Take the car.  The earliest internal combustion cars, introduced in the late 19th century, were just toys for millionaires.  It took decades of gradual improvements to make them a viable form of transportation, and decades more to make them reasonably reliable and safe.  The same goes for airplanes.  Thirty years after the Wright brothers, trains and ships dominated long-distance travel.  Planes were still too bumpy and dangerous for the general public to stomach.

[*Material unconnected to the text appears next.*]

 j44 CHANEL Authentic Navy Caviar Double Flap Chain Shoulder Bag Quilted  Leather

Or take television.  The picture and sound quality were horrible for decades.  Even in the Eighties, I had to hold the antenna with my hand or foot just to watch cartoons.  But the deeper problem was the content – three or four channels, all insipid.  As a great cultural critic wrote back in 1998:

Post-war American television, by and large, has not provided cultural riches.  Television programs entertain us and present appealing characters, but a canonic list of the best television programs would not, in this author’s opinion, stand up to a comparable list from music, painting, or literature… I concur with Robert Hughes, who notes that several hours of American television provide the best argument against market-supplied culture.

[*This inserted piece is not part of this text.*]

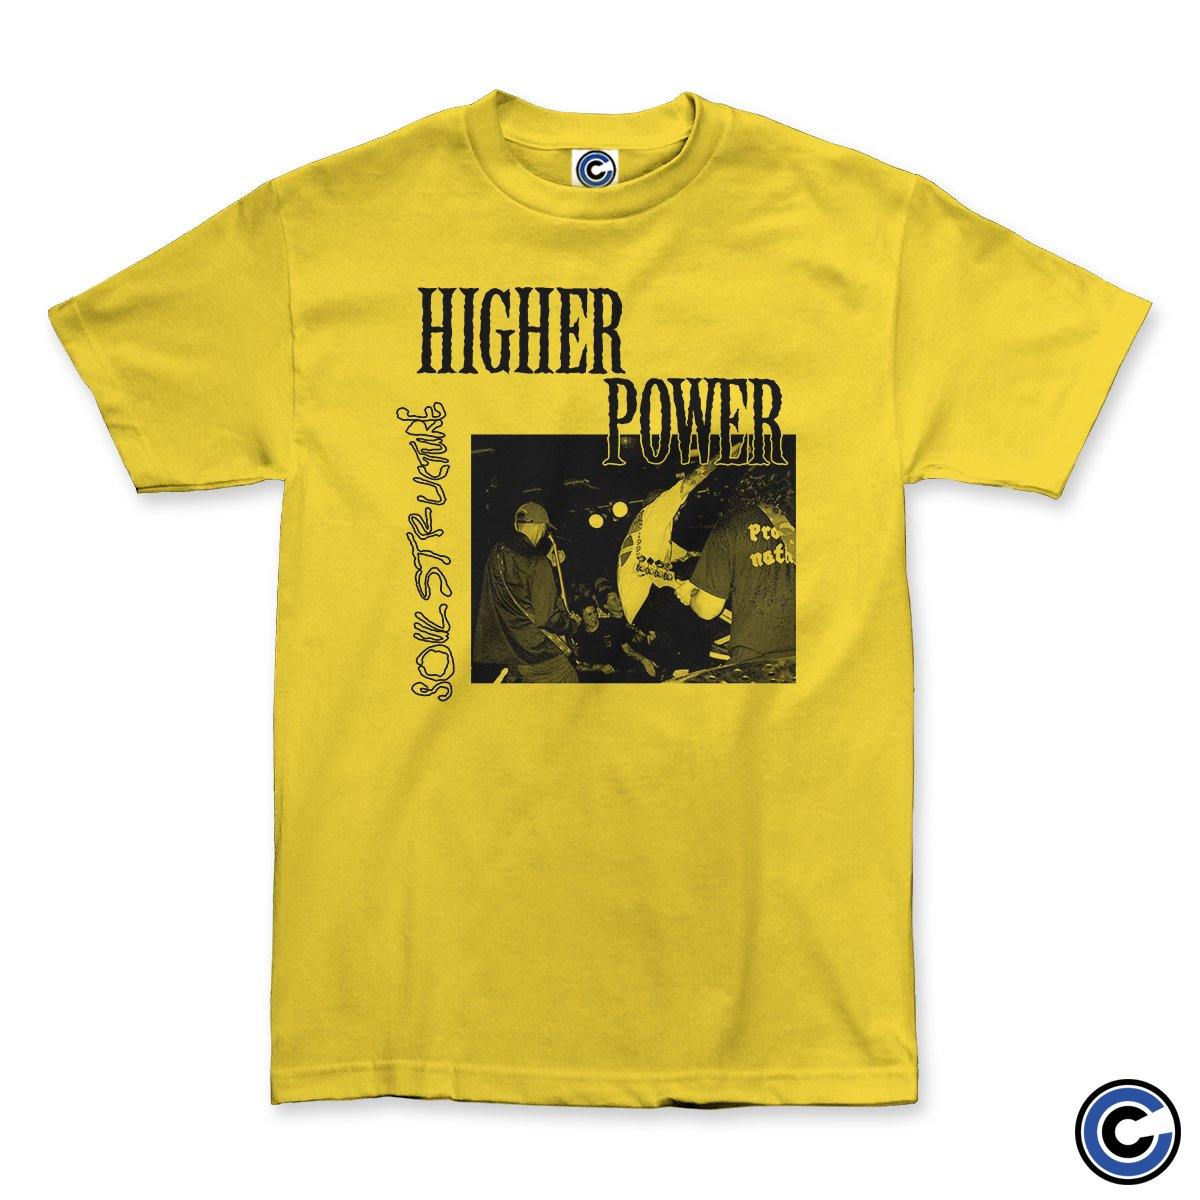 Buy – Higher Power "Staggered Live" Shirt – Band & Music Merch – Cold Cuts Merch

Fifty years after its introduction, television had yet to impress.  But look what’s happened since 1998!  DVRs, HDTV, The Sopranos, Battlestar Galactica, Arrested Development, Dexter, and Big Love are just the beginning.  Gradual improvements in technology and story-telling finally won over even the aforementioned cultural critic, who of course is none other than Tyler Cowen himself.

The lesson: Contrary to Tyler, it is during periods of technological consolidation that official CPI numbers understate progress the most.  Flying home for the holidays or watching the latest episode of Glee isn’t as awe-inspiring as hearing about the first flight or watching television for the first time.  But it’s the cumulative improvements that have transformed mere ideas into concrete progress.

* What kind of a pessimist says, “While progress has been slowing down, it’s been even faster than you think for over a century”?